Flat-bed Scanners – Before printers developed the capability to scan as well as print and copy, folks had to have flat-bed scanner in order to scan and send documents or pictures. When turned on, the bed will light up, and that lighted surface is pretty large. The only downside to this is that the top of the scanner is attached to the bed and isn’t removable. That is about the only issue that will need to be dealt with. Check out thrift stores for these. Most of the time old flat-bed scanners can be picked up for a few dollars.
Storage Box – A clear plastic storage box (generally priced between $10 – $15) can be converted into a light box. You may even have one in your quilt area that’s full of fabric you could shift somewhere else. The box needs to be deep enough and long enough to add the light with a little room to spare. The lid should be flat, so the drawing surface will be smooth. You’ll need a light source to go in the box and there a couple of ways this can be accomplished. You could cut a hole in the side of the box, close to the bottom and insert a light source that plugs into an electrical outlet. However, my favorite light source is this:
These are battery operated and can be purchased at most dollar store establishments. Simply put these in the bottom of the box, press them on, return the lid to the box, and trace away. If the box is big, a couple can be used. And if the light is too bright, just tape down a piece of white paper over the lid to diffuse it a bit.
Acrylic Sewing Machine Extension – If your sewing machine has one of these, it can do double duty as a light box. Simply put one of those press-on lights underneath the extension and get busy.
These are “small” fixes for a light box – they’re only so big. There may come a time when you need a bigger one – especially if you’re making a Baltimore Album Quilt or working with a quilt that has large applique panels like this:
Commercial light boxes and those homemade light boxes listed above can only be so big. So, what’s a quilter to do? Below are some solutions that will not cost you anything but a few dollars. In fact, you may already have these in your home or garage.
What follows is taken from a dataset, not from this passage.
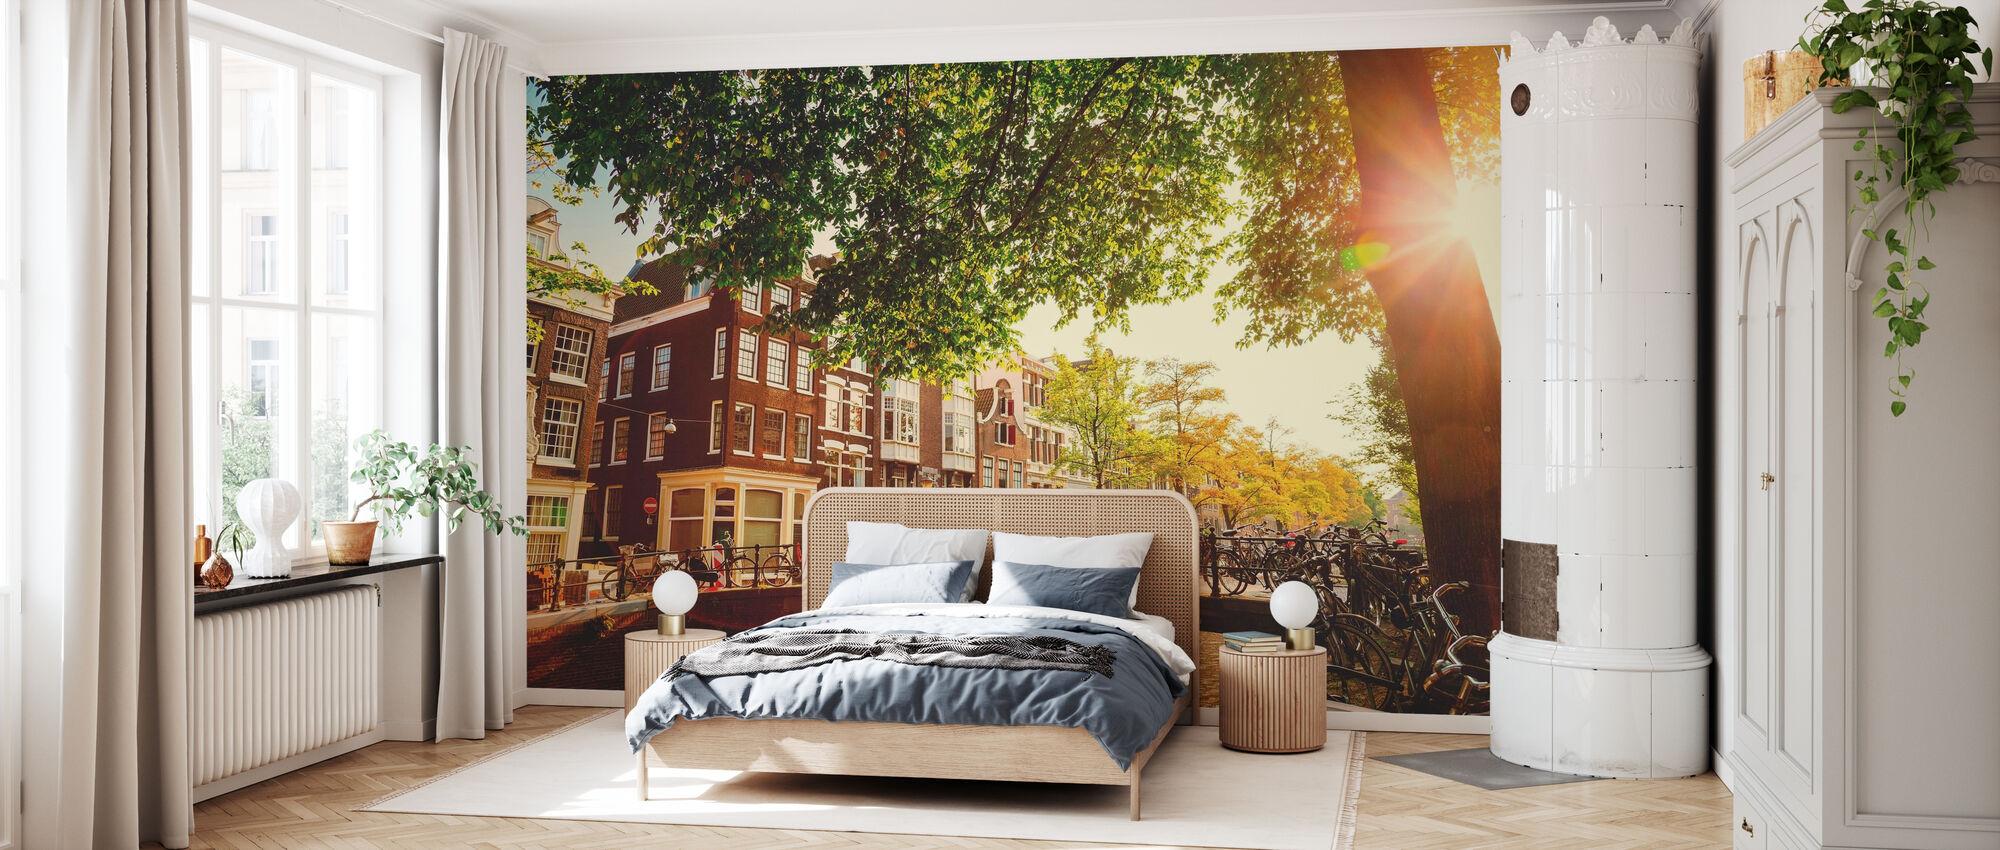 Bridge in Amsterdam - Wallpaper - Bedroom

A Kitchen or Dining Room Table that Has an Extension Leaf Capability – Pull the table apart as if you’re inserting the leaf. Measure that area and head to the hardware store/building supply house and pick up a piece of Plexiglas that will fit that area. The Plexiglas will fit into the area the table extension would go. Be sure to tape the edges of the Plexiglas with some kind of tape to keep it from scratching any of the table’s wood surfaces. Place a light source beneath the Plexiglas and you’re good to go. Bonus factor in this set up is that it’s just the right height to take the strain off your back.
Window or Sliding Glass Door – If you don’t have a table that has extension leaf capability, you can always use a large window or a sliding glass door. Simply tape the pattern to whichever one you’re using and trace away. Of course, using this method means you have to do your tracing during the daylight hours (unless you can talk someone into standing outside the window or door with a light source at night)
Light boxes are wonderful tools for any quilter, and if you really like to applique, they’re a must. If your budget allows it, purchase one that fits your need and your wallet. If you’re only an occasional appliquer, one of the homemade light boxes may fit your needs better.
Until Next Week, Quilt with Passion!
Love and Stitches,
Sherri and Sam
PS — Thanks to everyone who commented on The Quilt That I Can’t Finish. Ya’ll had some wonderful ideas and I’m thinking about exactly what I want to do. I’m leaning towards making it a wall hanging with the picture of my dad and me in the middle. I’ll let you know what I decide.